Passing Jupyter Widget Dropdown list to second dropdown

I've got an issue that pertains to how to use jupyter widgets, dropdowns namely, to produce a workflow. Currently my intentions aren't working, and I am aiming to do the following:
Run a function that produces a list
This list is fed into a dropdown, from which I select one (x)
x refers to another function, that has a dictionary, it picks up all values associated with this key, and produces another list
The list is fed into another dropdown, from where I'd pick one value for processing.
Issue that I am coming up with, is that I can get the first list produced and fed into a dropdown. However the subsequent list is not captured, and rather the function is, which of course fails down the road. Let me illustrate with some code:
This bit of code simply goes through a list of dictionaries, and places all the unique league instances into a list:
def league_names():
league_list = []
data_filenames = [data_file for data_file in os.listdir()
if data_file.endswith('.json')]
with open(data_filenames[0]) as json_file:
data = json.load(json_file)
for x in data:
if x['Competition'] is not None and x['Competition'] not in league_list:
league_list.append(x['Competition'])
return league_list[1:]
What the following will then do, is take that list, and search the same set of dictionaries, search for all the teams that are a part of that league, and add them to a list.

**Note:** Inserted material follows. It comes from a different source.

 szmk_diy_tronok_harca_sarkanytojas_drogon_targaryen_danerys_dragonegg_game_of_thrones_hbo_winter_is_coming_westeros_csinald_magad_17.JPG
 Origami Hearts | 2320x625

def team_names(league_select):
team_list = []
data_filenames = [data_file for data_file in os.listdir()
if data_file.endswith('.json')]
with open(data_filenames[0]) as json_file:
data = json.load(json_file)
for x in data:
if x['Competition'] == league_select and x['Team'] not in team_list:
team_list.append(x['Team'])
return team_list
How I want to interact with this, is that the first league list is passed to a dropdown, from which you pick a league. This passes the league to the second function, to pull all the teams. How this is done is with the following:
def league_interact():
choice = interact(team_names, league_select=league_names())
return type(choice)
league_interact()
Now this works, the list is successfully passed through, however what I simply cannot get to work, is for the interact from here to be transformed into a variable, that I can then pass to a subsequent function for further processing.

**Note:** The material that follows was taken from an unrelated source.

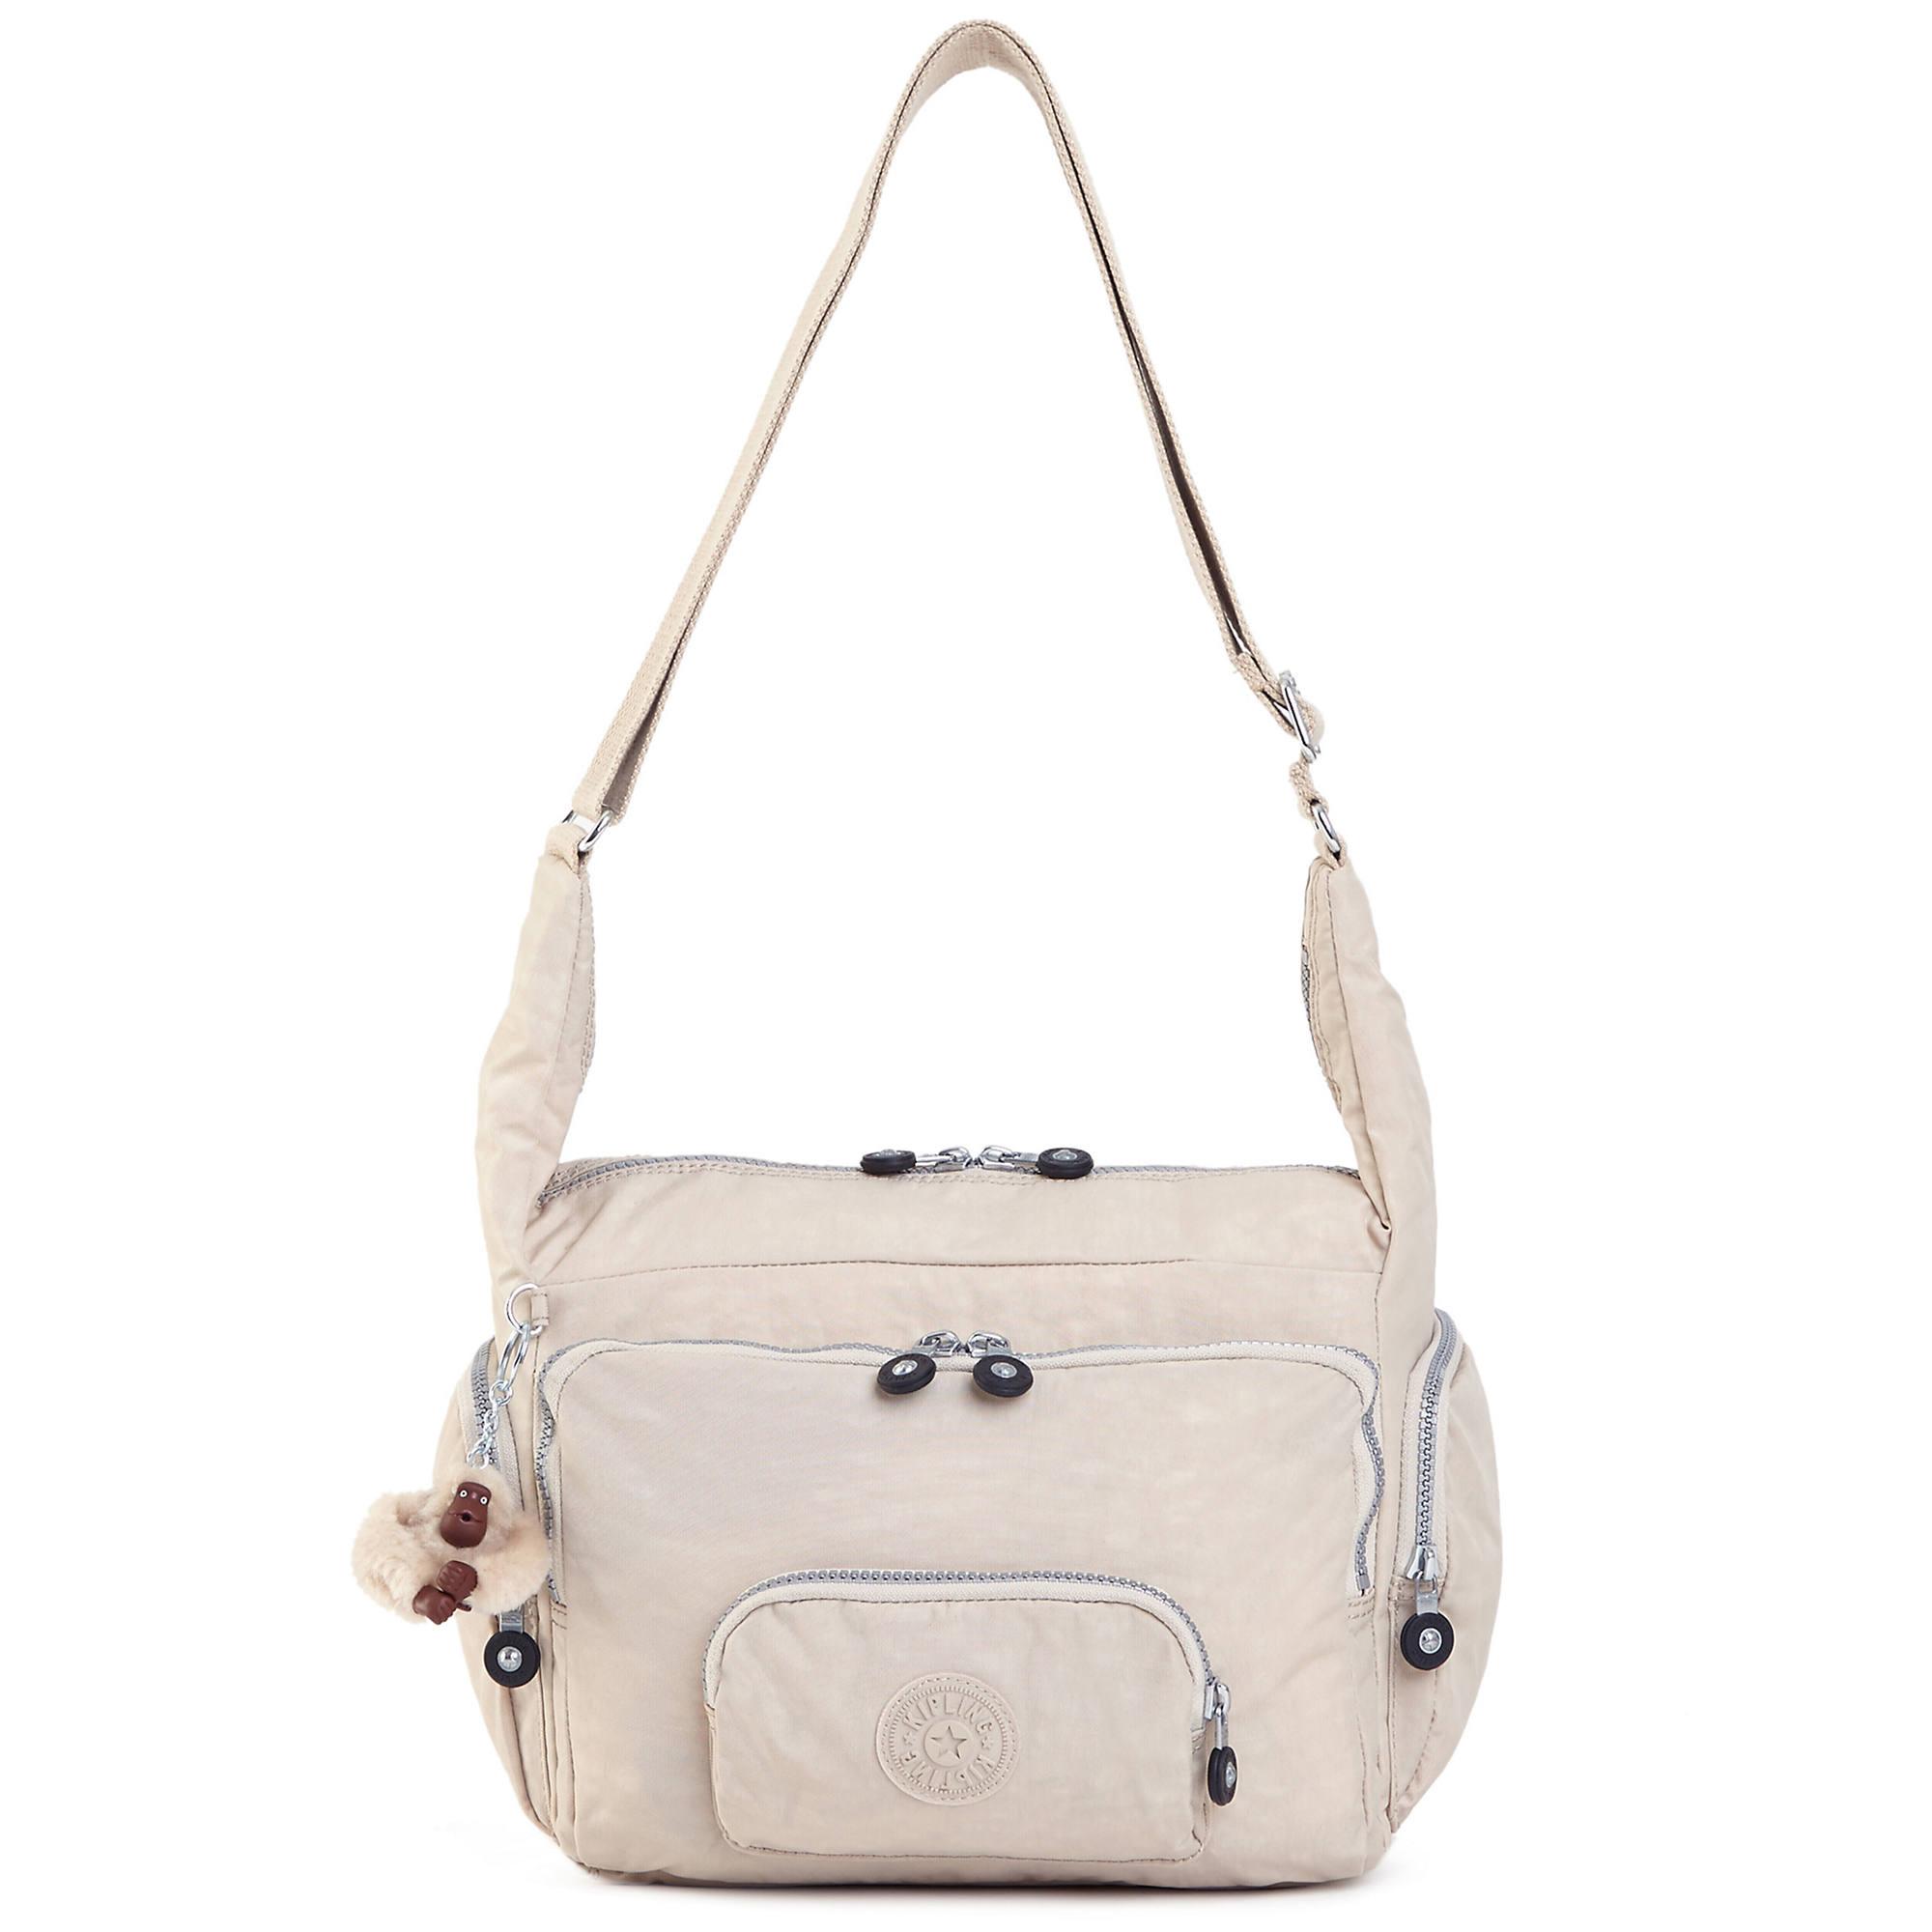 Unisex Stylish Satchel Messenger Bags American And Mali Retro Flag Crossbody Shoulder Bag Side Bags For School//Work//Trips

Below is an example of the json content:
[{"Team": "Yeovil Town FC", "Gender": "M", "Competition": "National League", "Earliest Season": "2003-2004", "Latest Season": "2020-2021", "Total Seasons": "18", "Championships": "1", "Other Names": "", "Code": "bd5179b9", "Prefix": "Yeovil-Town-Stats"},
{"Team": "Yeovil Town LFC", "Gender": "F", "Competition": "", "Earliest Season": "2017", "Latest Season": "2018-2019", "Total Seasons": "3", "Championships": "", "Other Names": "", "Code": "a506e4a2", "Prefix": "Yeovil-Town-Women-Stats"},
{"Team": "York City FC", "Gender": "M", "Competition": "", "Earliest Season": "2002-2003", "Latest Season": "2019-2020", "Total Seasons": "13", "Championships": "0", "Other Names": "", "Code": "e272e7a8", "Prefix": "York-City-Stats"},
{"Team": "Yorkshire Amateur AFC", "Gender": "M", "Competition": "", "Earliest Season": "2019-2020", "Latest Season": "2020-2021", "Total Seasons": "0", "Championships": "", "Other Names": "", "Code": "66379800", "Prefix": "Yorkshire-Amateur-AFC-Stats"}]
Question: How would I in the above case, use interact to produce the list created by the first choice, rather than a function? I have the type pulled here, where it is a 'function' rather than a list as expected. I tried using .value, and some derivatives, but none of them pushed out a value. Any idea how to approach this, so I can produce a secondary dropdown?
I've tried the following, but getting an error:
def league_interact():
choice = interact(team_names, league_select=league_names())
return choice
def team_interact():
choice2 = interact(team_code, team_select=league_interact())
team_interact()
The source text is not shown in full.